It’s dirty, but people who offer quarter in a gunfight typically don’t make good gunfighters.
I holster the pistol but sense new movement on the staircase now, which is why I’ve kept my machine pistol aimed there. As soon as I see a rifle and a man holding it, I fire a long burst. The sentry falls forward and rolls down the stairs, and I leap over his sliding body to begin my ascent.
Angling my B&T high and leaning out to cut the corners quicker than if I just kept running up the middle of the stairs, I catch the side of a descending man’s head in my sights before he sees me. I fire four rounds at him, and down he goes, ass over teakettle, his weapon clanking along with the thuds and slaps of his body as he tumbles down the stairs. I round the landing below the ground floor and vault this guy like I did the one below.
Keep coming, assholes. I can do this all day.
I hear a volley of impossibly loud gunfire above me, and the plaster on the wall inches to my right is chewed into dust by pistol rounds, and this tells me I probably can’t do this all day. I dive flat on the steps and return fire, almost blindly, nearly emptying my magazine, and then I roll tight against the wall, my head facing up as I reload.
Two men look over the side one story up, whipping short-barreled rifles down at me as they do so.
I slam the magazine in and rake them with outgoing fire, dumping two dozen rounds onto their position above. One man gets a single shot off before he flies back out of the view, and the second sentry spins away and falls onto the stairs above an instant later.
I’m up and moving again, bursting through the door on the ground floor, where I catch one man kneeling down, getting into a fighting position. He obviously heard the battle in the stairwell and wanted to be prepared in case I made it out of there.
I made it out of there, and he’s not prepared, so I fire the last six rounds from the B&T at him, killing him where he lies, and then I drop the empty gun on its sling and pull my Glock again.
The house is dark, but I see a door open slowly on my right. I spin my weapon towards the movement, take up the give in the trigger safety on my weapon, then see the face of a middle-aged woman looking out at me. She isn’t holding a weapon, so I keep going, but as I near her position, I shout, “Close your door!”
My ears are ringing from the gunfight in the stairwell, so if she says anything to me, I don’t hear it. But at least she shuts the door.
I attempt a mental head count while I run. There were twelve security on the property when I came in; I knifed the dude upstairs, took down four in the stairwell, and another here.
Six left. Shit.
I open a door to find a bathroom with no window large enough to escape from. As I turn out of the space, I realize that I have not accounted for all the threats.
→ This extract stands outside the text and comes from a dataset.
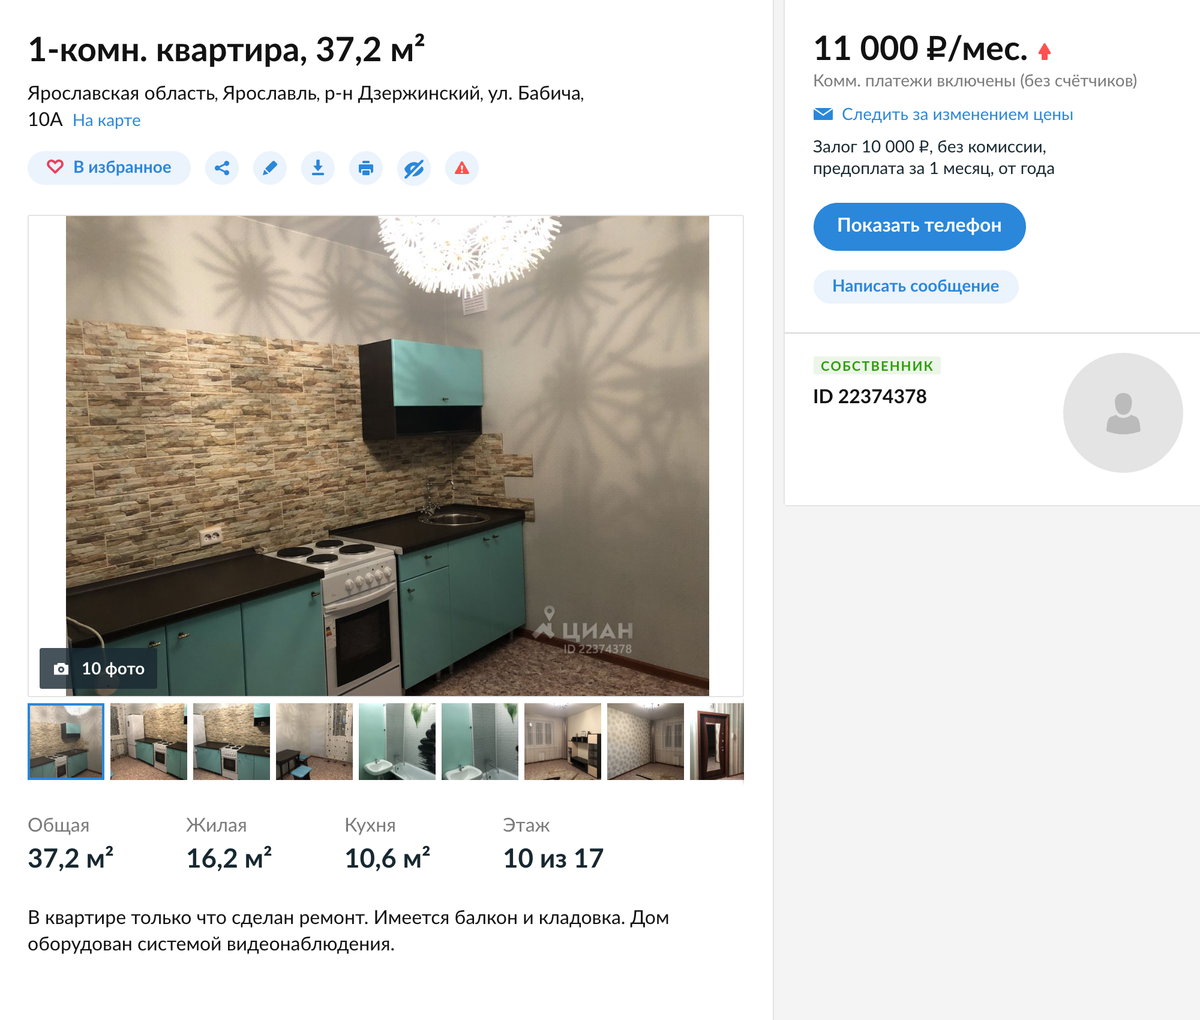 Приличная однушка в спальном районе Ярославля за 11 000 рублей в месяц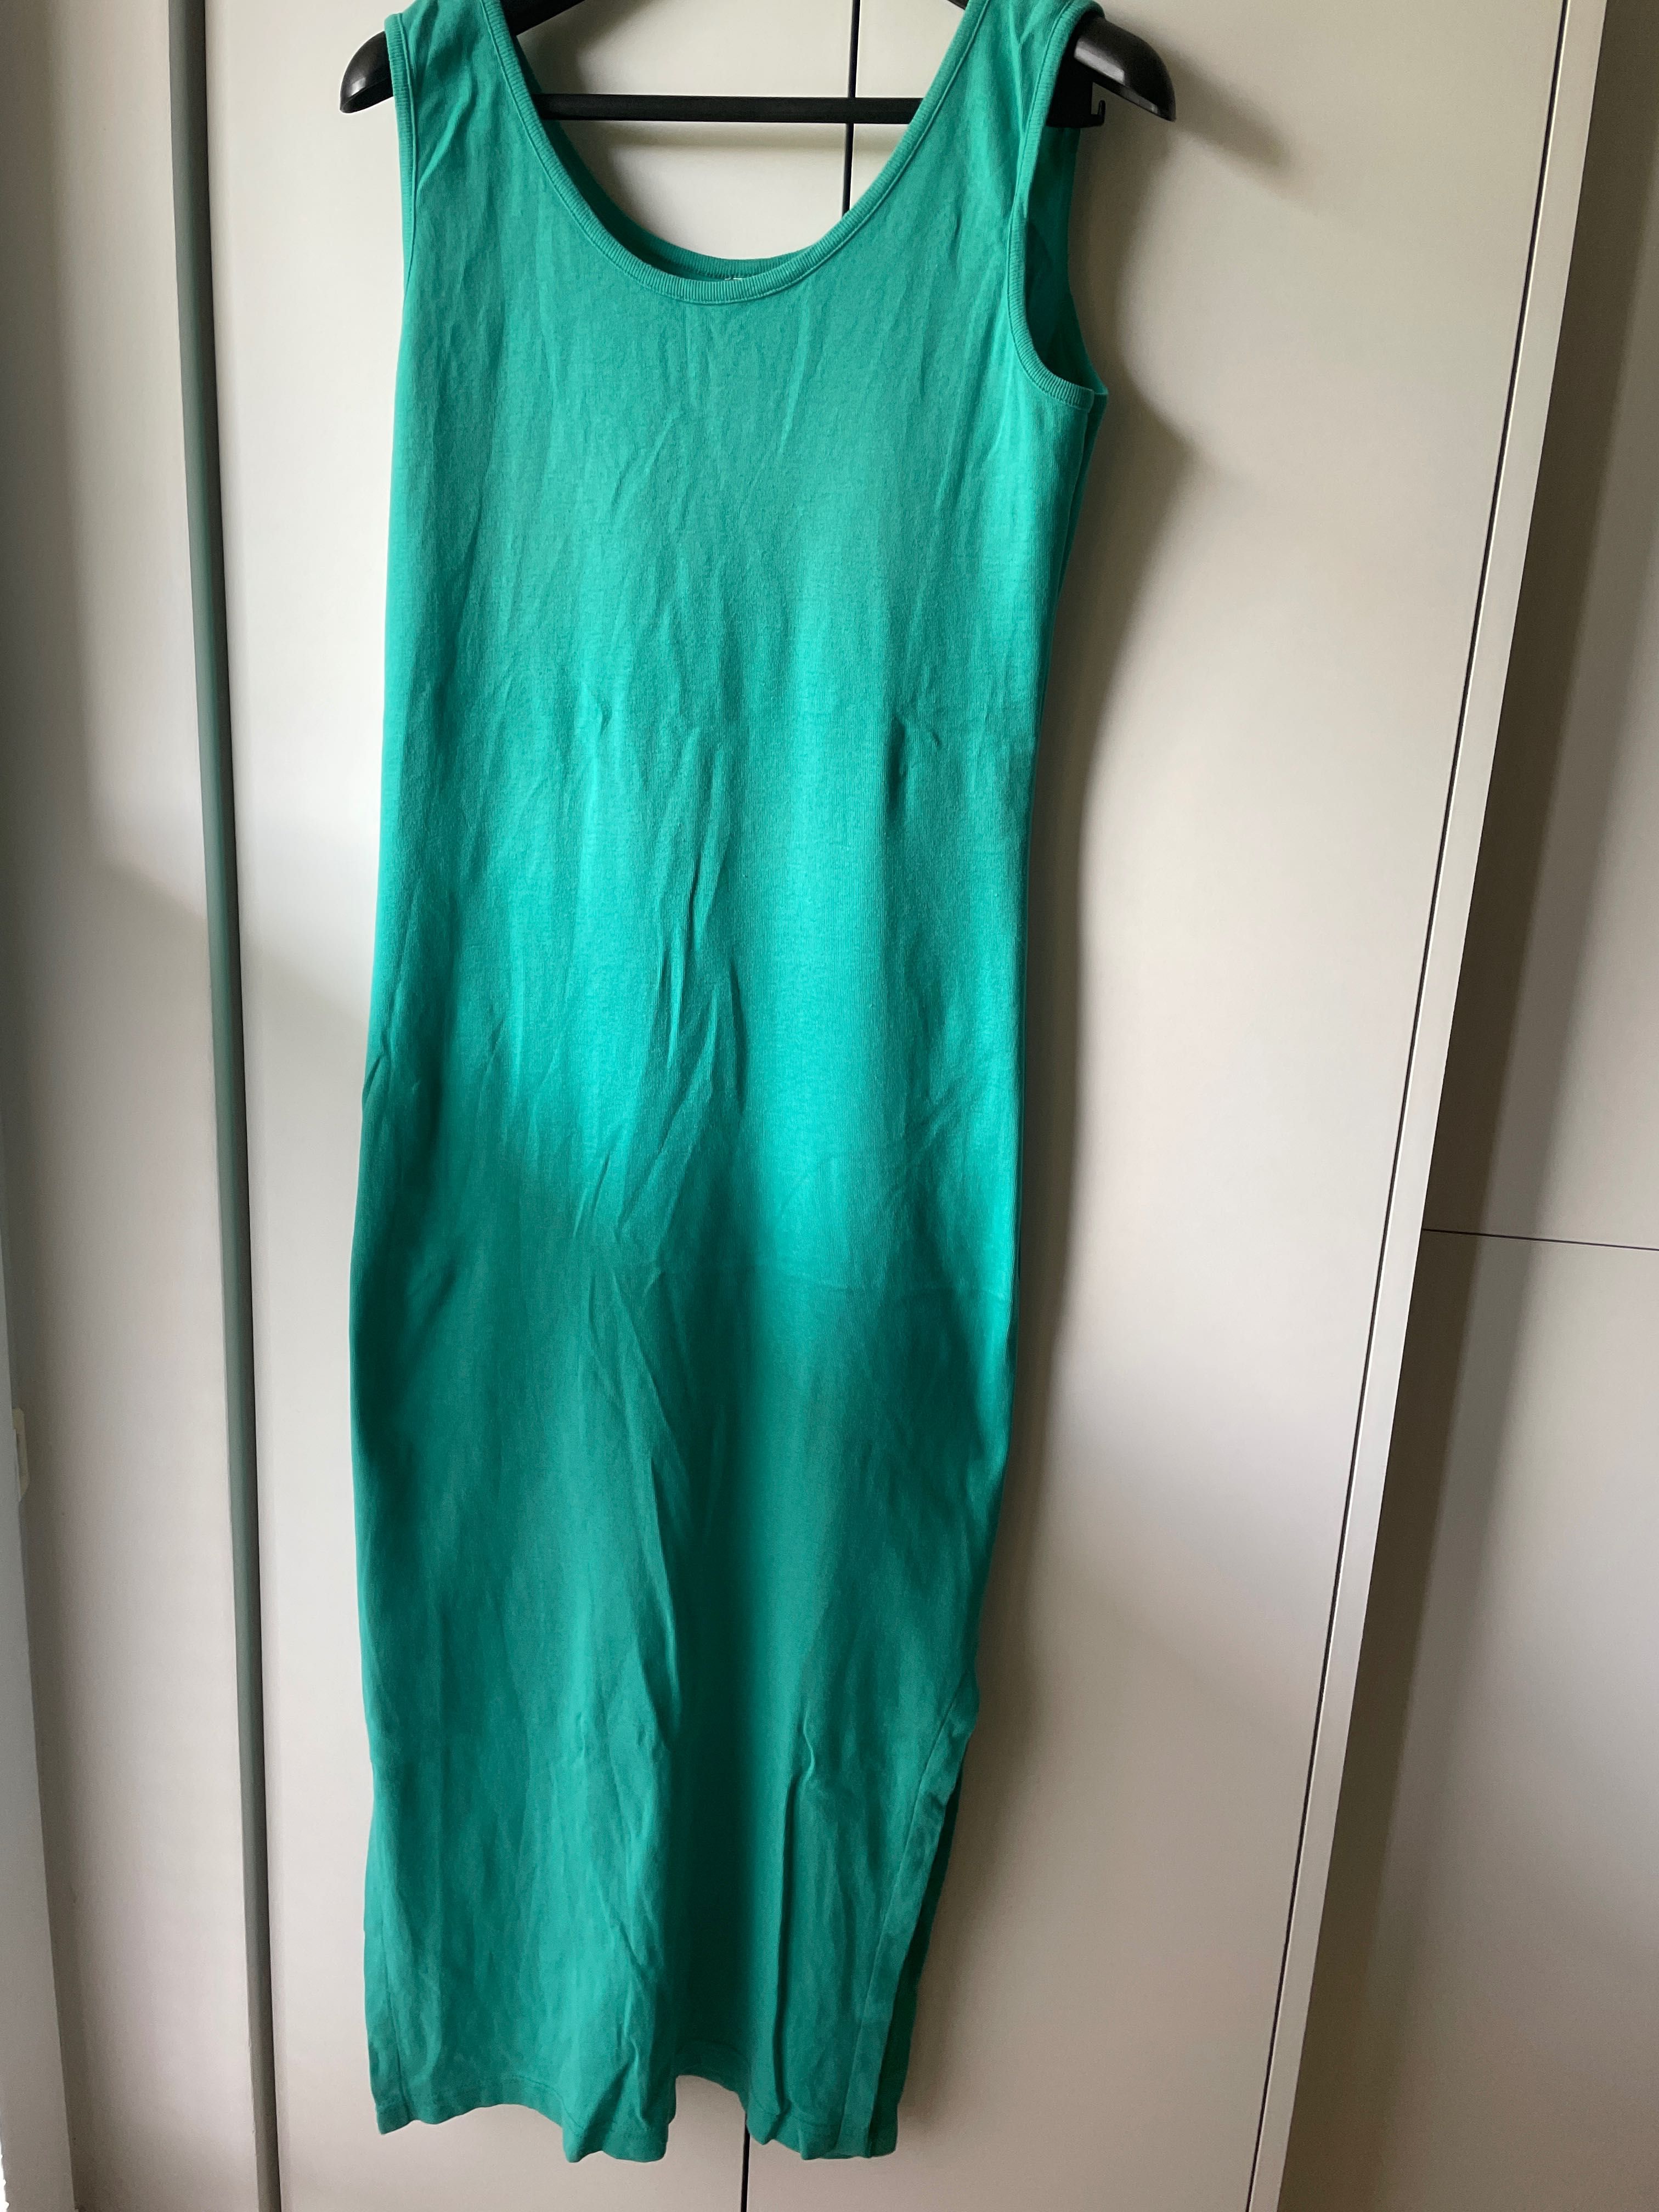 sukienka zielony/seledyn, bawełna/dresowa, wdzianko, rozmiar S

It’s not just six sentries. It’s also the dogs. Can’t forget about the two—
I face the room again and see a massive black form flying through the air in the darkness right at me. One of the Belgian Malinois slams my pistol against my chest as he knocks me against the wall. We both fall to the floor, and his crazed teeth snatch my right hand. The hand is wearing a Kevlar-lined glove with the trigger finger cut out, so he doesn’t rip it off immediately. Still, I know that with a simple shake or two he can snap my wrist.
With my left hand I punch the dog hard in the snout, and he lets go and recoils an instant, but I’d broken this hand a couple months back, and the pain from the punch prevents me from driving it harder into the canine’s face.
The dog recovers quickly, then charges at me again.
He leaps, I duck, the eighty-pound animal flies into the bathroom, and I spin around and grab the door latch, yanking it closed in his snarling face.
Hefting my pistol, I stagger a few feet; the damn dog knocked the wind out of me, but soon I’m heading off again.
I don’t shoot dogs. Ever. Still, my Glock is up, and I’m muttering to myself as if I’m talking to the barking dog in the bathroom. “Where’s your buddy? Where’s your buddy?”
I hear continuous voices in the earpiece, and I really wish I spoke Serbo-Croatian, because I could use some clarity on where the other halfdozen assholes are right now. I make my way into the kitchen, scanning for threats as I advance, then pass a stairway on my right. Looking up with my pistol trained, I see two men rush past up there, but neither looks down in my direction, probably because they don’t have night vision.
I don’t fire; I continue through the kitchen towards a door, and then, through my ringing ears, I hear a sound behind me in the large living area I’ve just passed.
Paws beating on hardwood, getting louder and louder.
The other dog is running me down from behind.
“Shit!” Fresh panic wells in me, and I know I have to make it outside, because I don’t shoot dogs.
I run as fast as I can, desperate to get out before the black monster rips me apart, but when I put my hand on the latch and pull, nothing happens.
I see two deadbolt locks, and both are engaged.
Behind me the beast keeps running; it snarls frantically as it races across the kitchen tile.
I’m in trouble, serious trouble, but I don’t shoot dogs.